On 04/28/11 12:33 PM, Brian S. Krug wrote:
> The following bug has been logged online:
>
> Bug reference: 5996
> Logged by: Brian S. Krug
> Email address: bkrug@usatech.com
> PostgreSQL version: 9.0.3
> Operating system: Solaris
> Description: CURRENT_TIMESTAMP uses often undesired
> TRANSACTION_TIMESTAMP, instead of STATEMENT_TIMESTAMP
> Details:
>
> CURRENT_TIMESTAMP (and CURRENT_DATE, CURRENT_TIME) return the time of the
> start of the transcaction - which seems to be right after the end of the
> last transaction. Thus, if you use pooled connections, CURRENT_TIMESTAMP
> will return the time of the last COMMIT. This is often unintended behavior.

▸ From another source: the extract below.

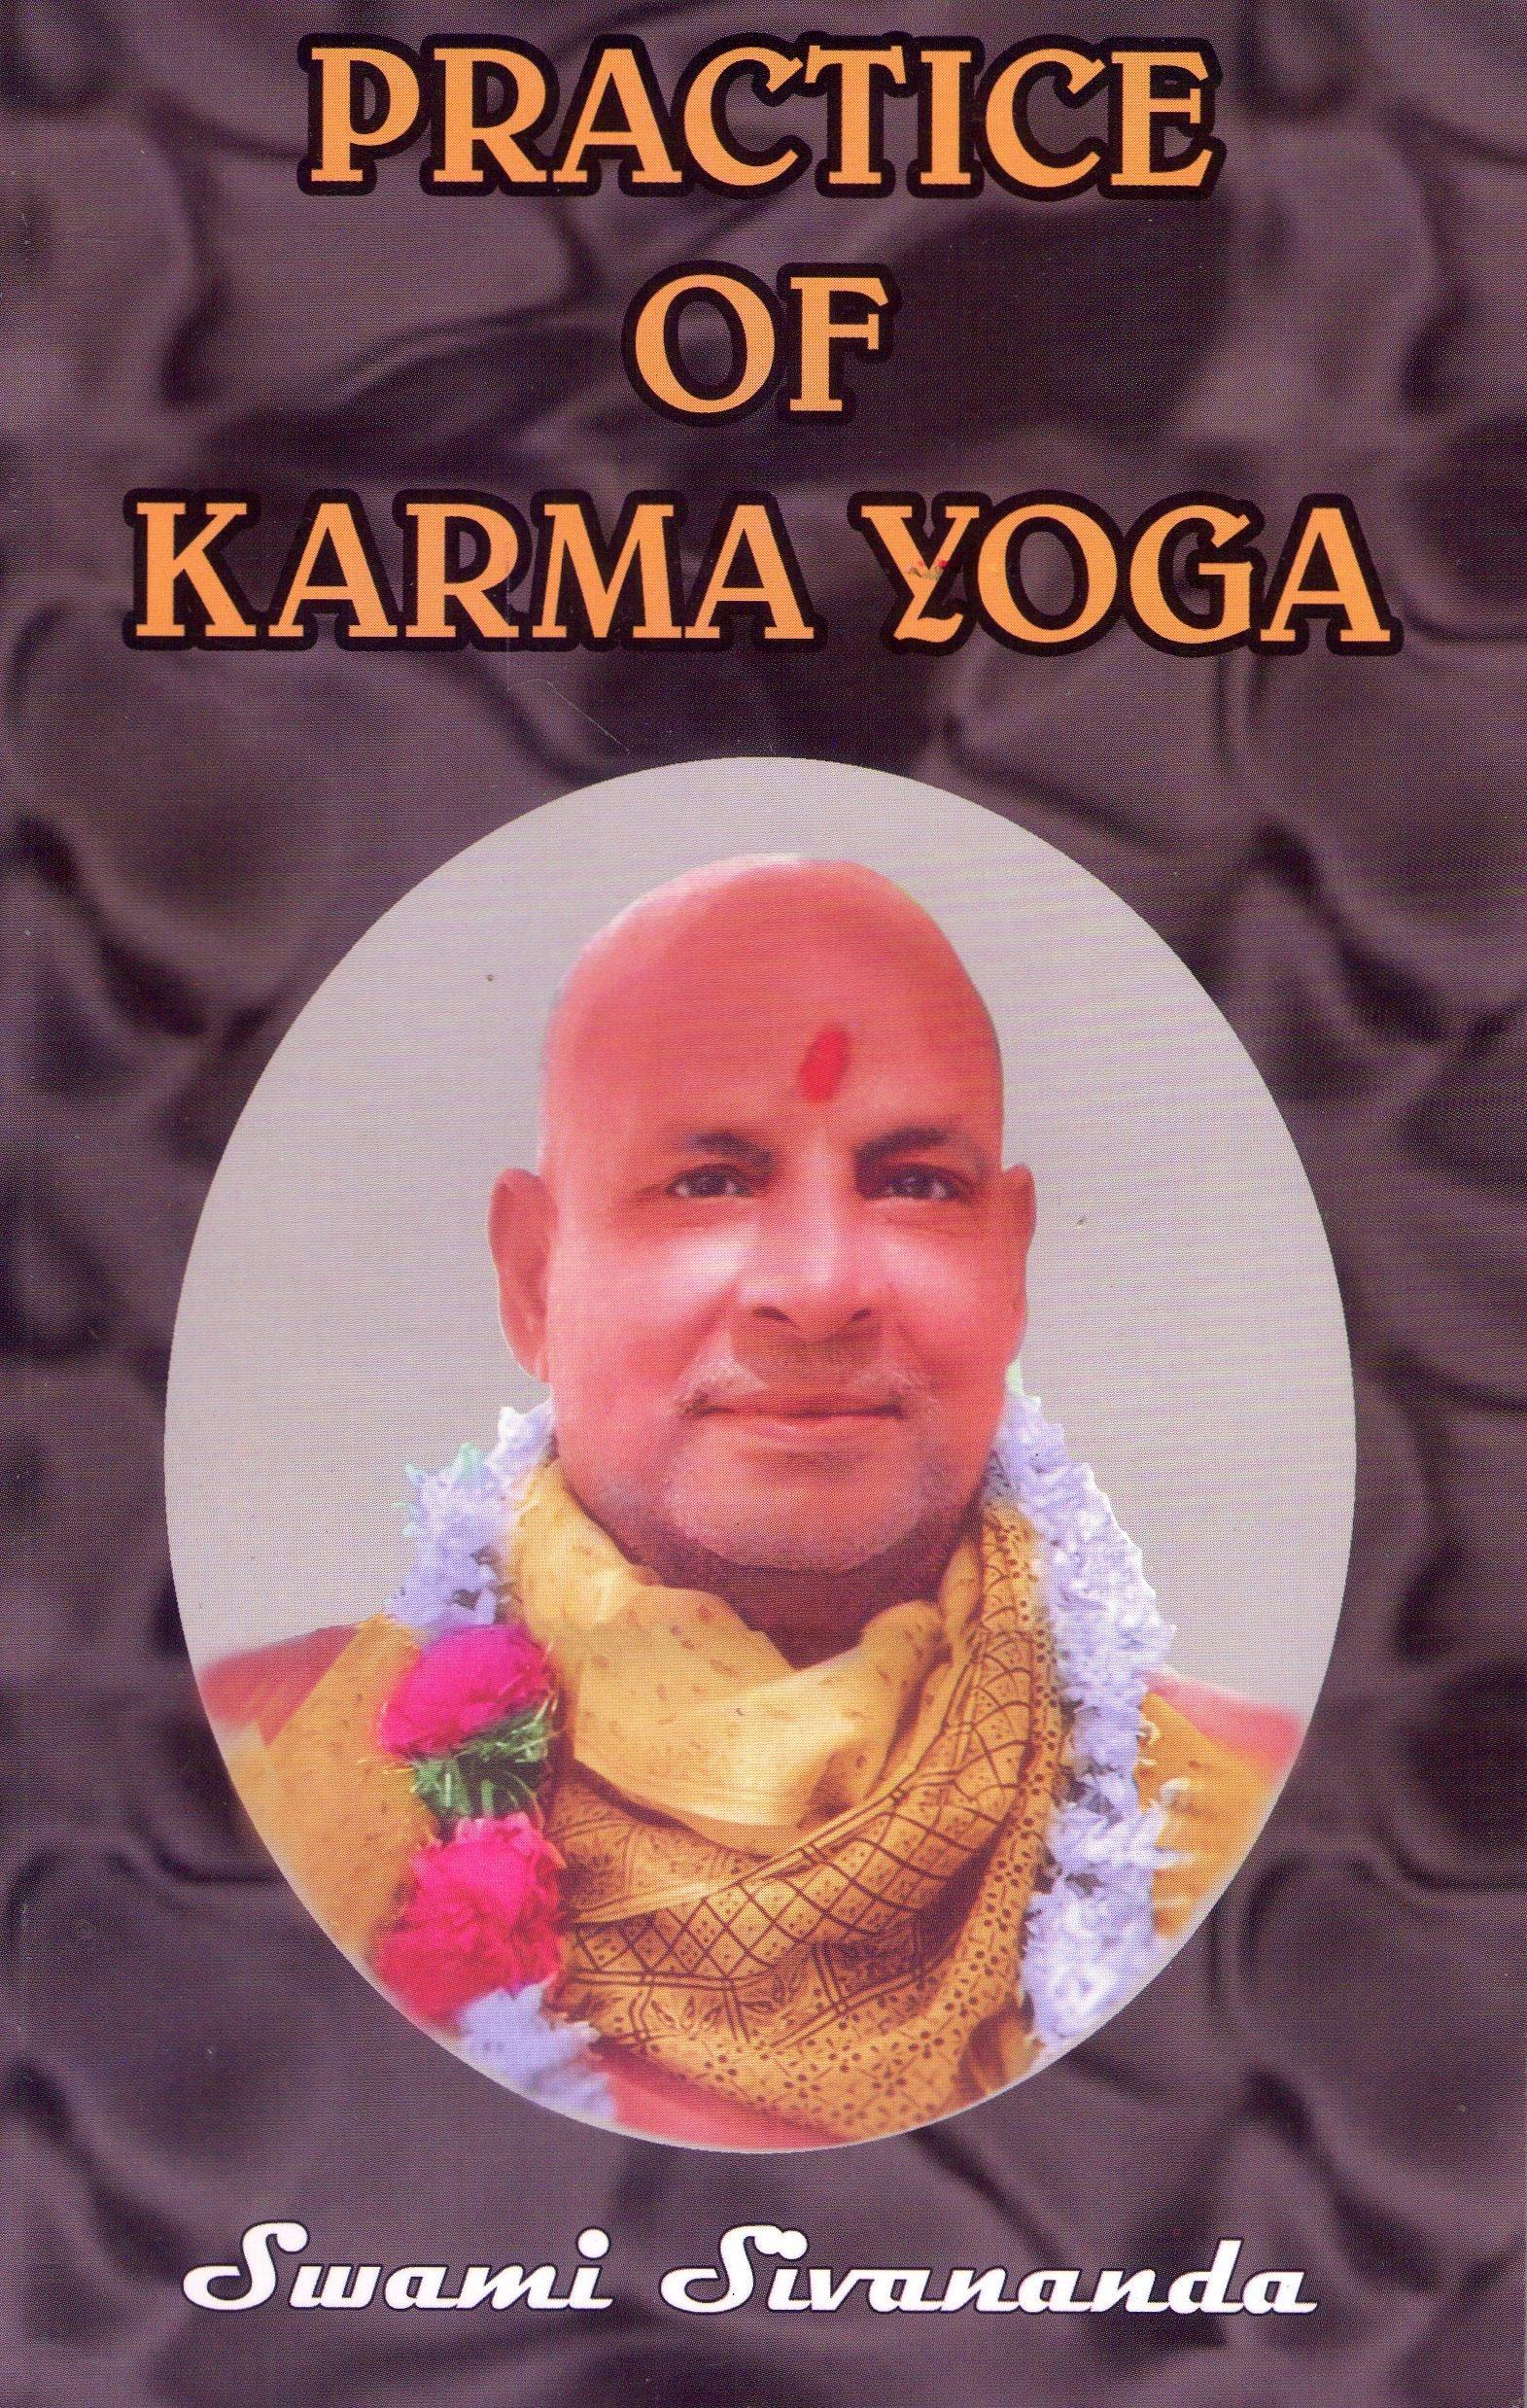 Practice Of Karma Yoga Swami Sivananda 9788170520146 Amazon Books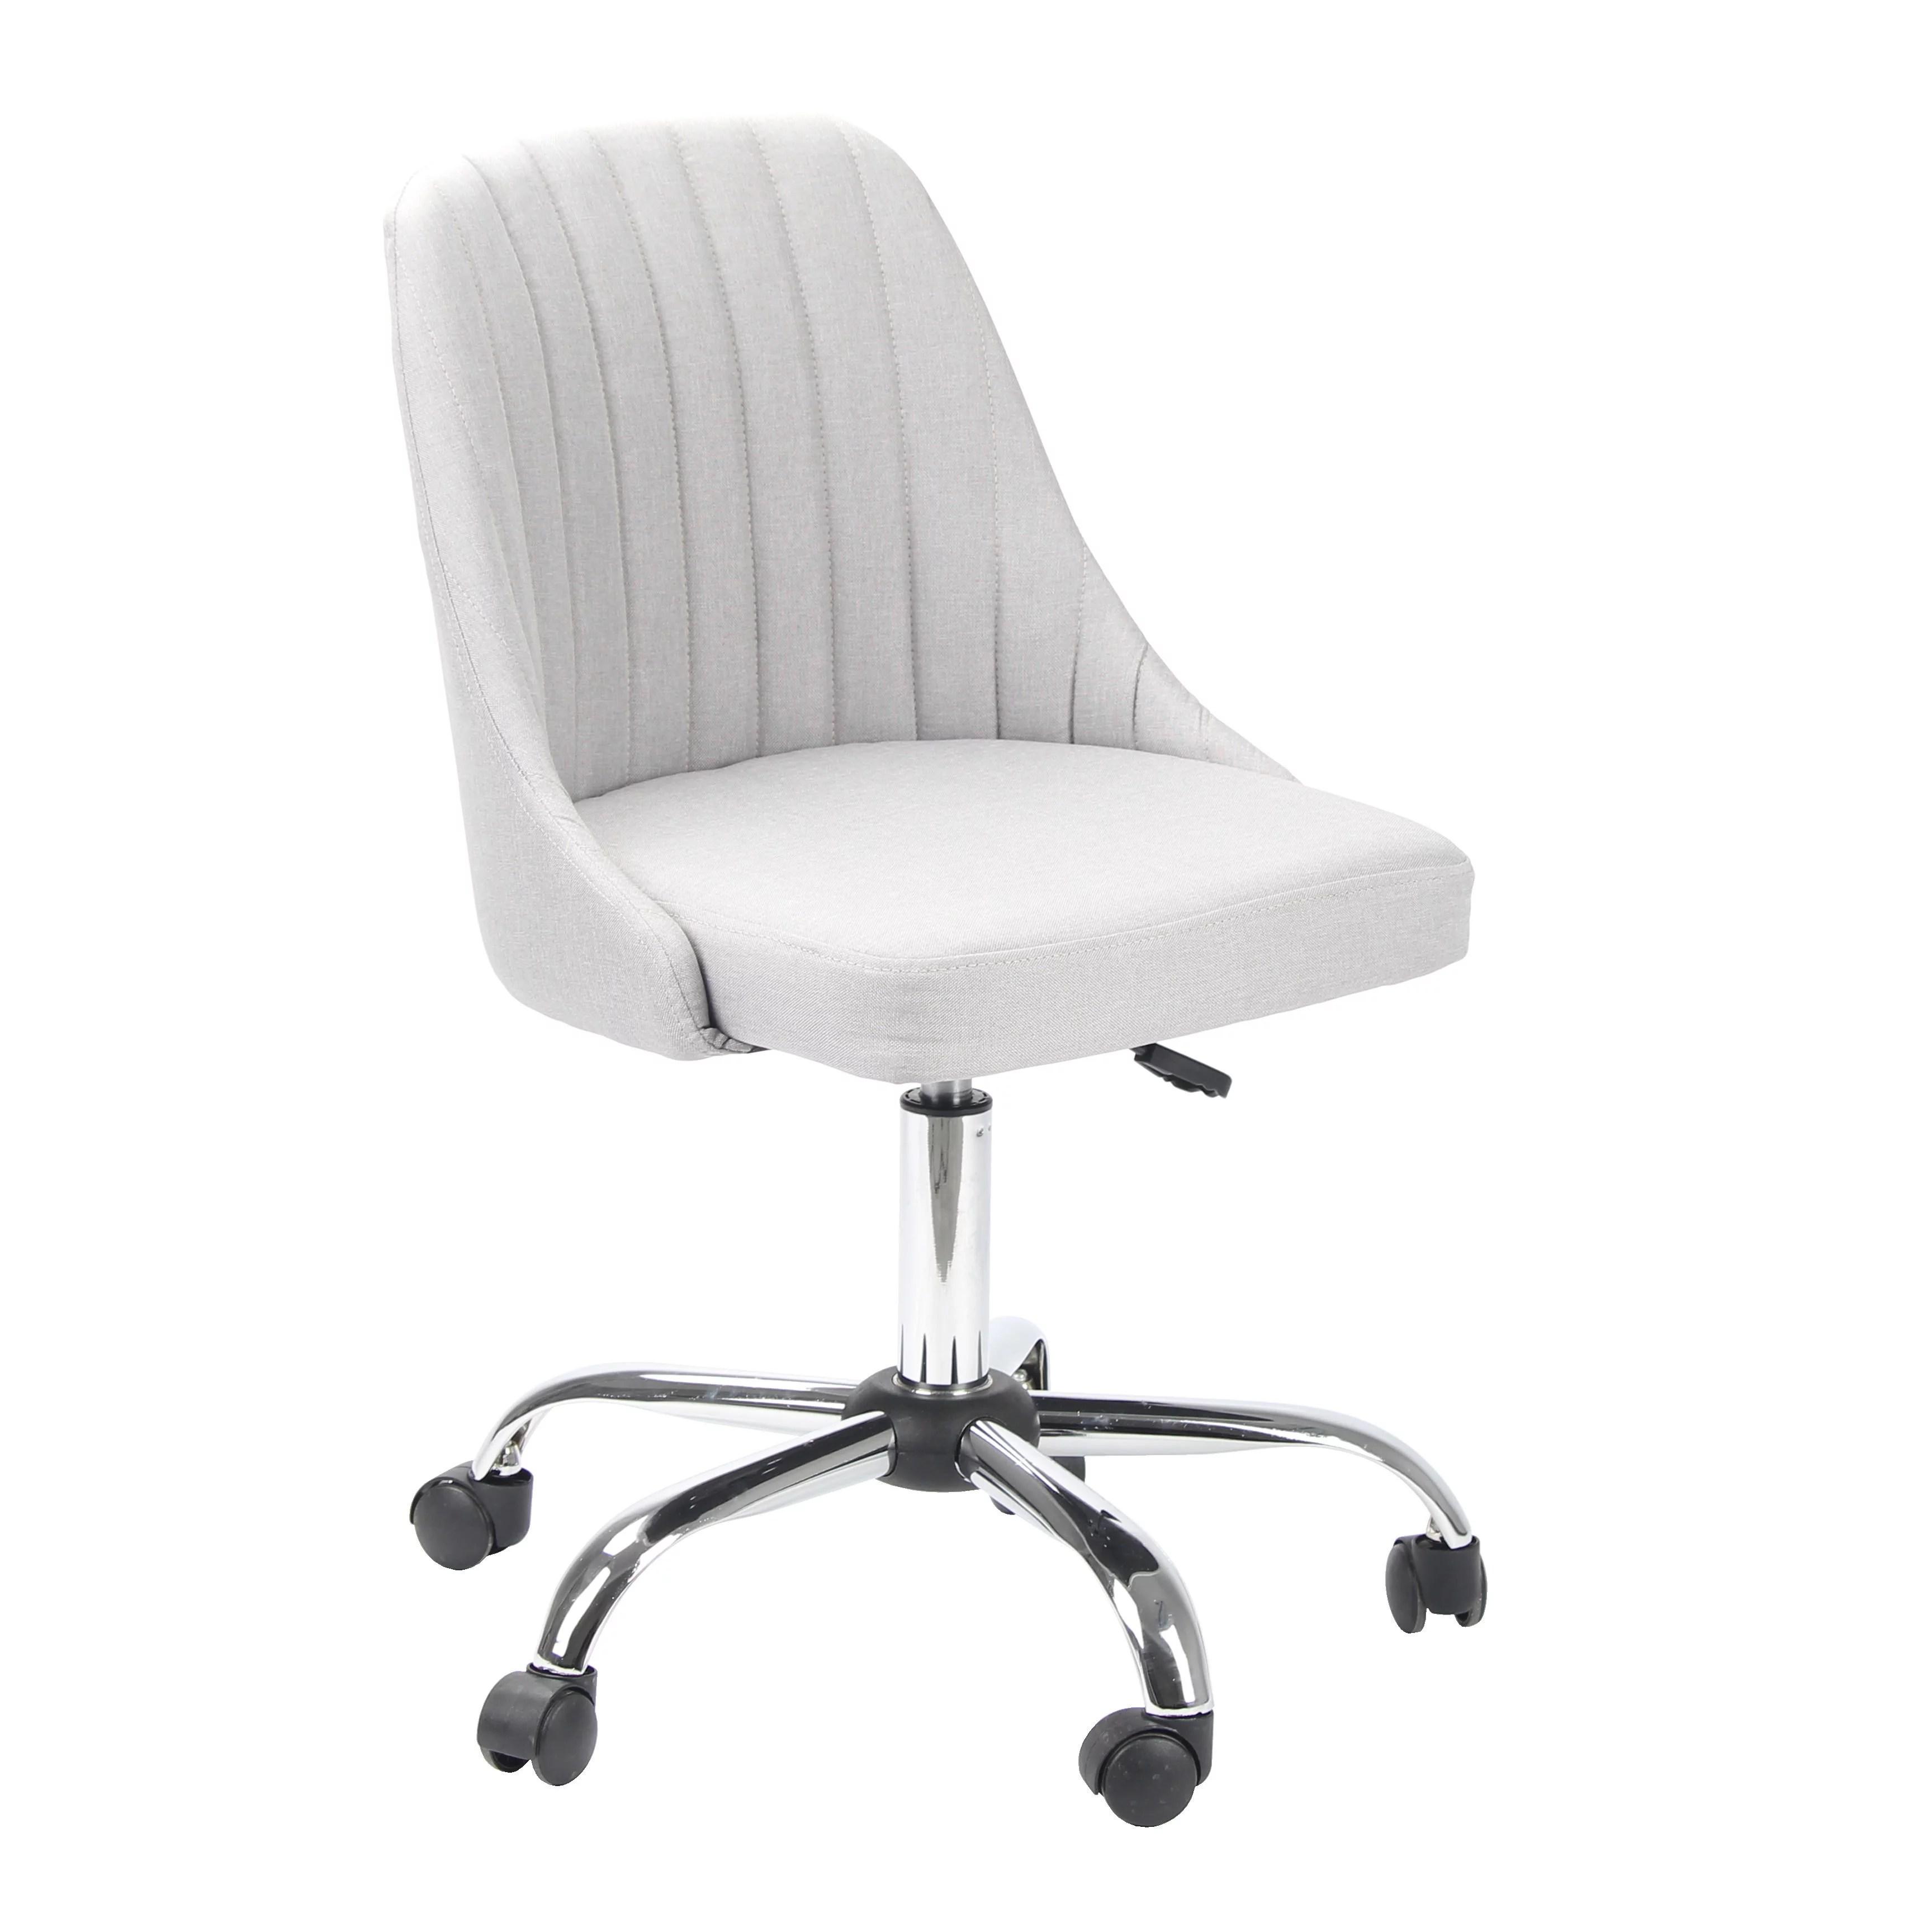 comfortable home office chair walmart black porthos designer chairs with wheels stylish fabric upholstery premium quality comfort ergonomic lumbar support

> This tripped me up significant and I would anticipate that many have fallen
> into the same trap. I recommend that CURRENT_TIMESTAMP functions as
> STATEMENT_TIMESTAMP instead of as TRANSACTION_TIMESTAMP.
>
Transactions start when you issue a BEGIN; command. If you don't issue
a BEGIN, then every statement is a self contained transaction. Are you
using a runtime abstraction thats doing this automagically behind your
back right after COMMIT; ? if so, thats your problem.
old JDBC's did exactly that, and it caused other ugly problems like long
running IDLE In Transaction processes.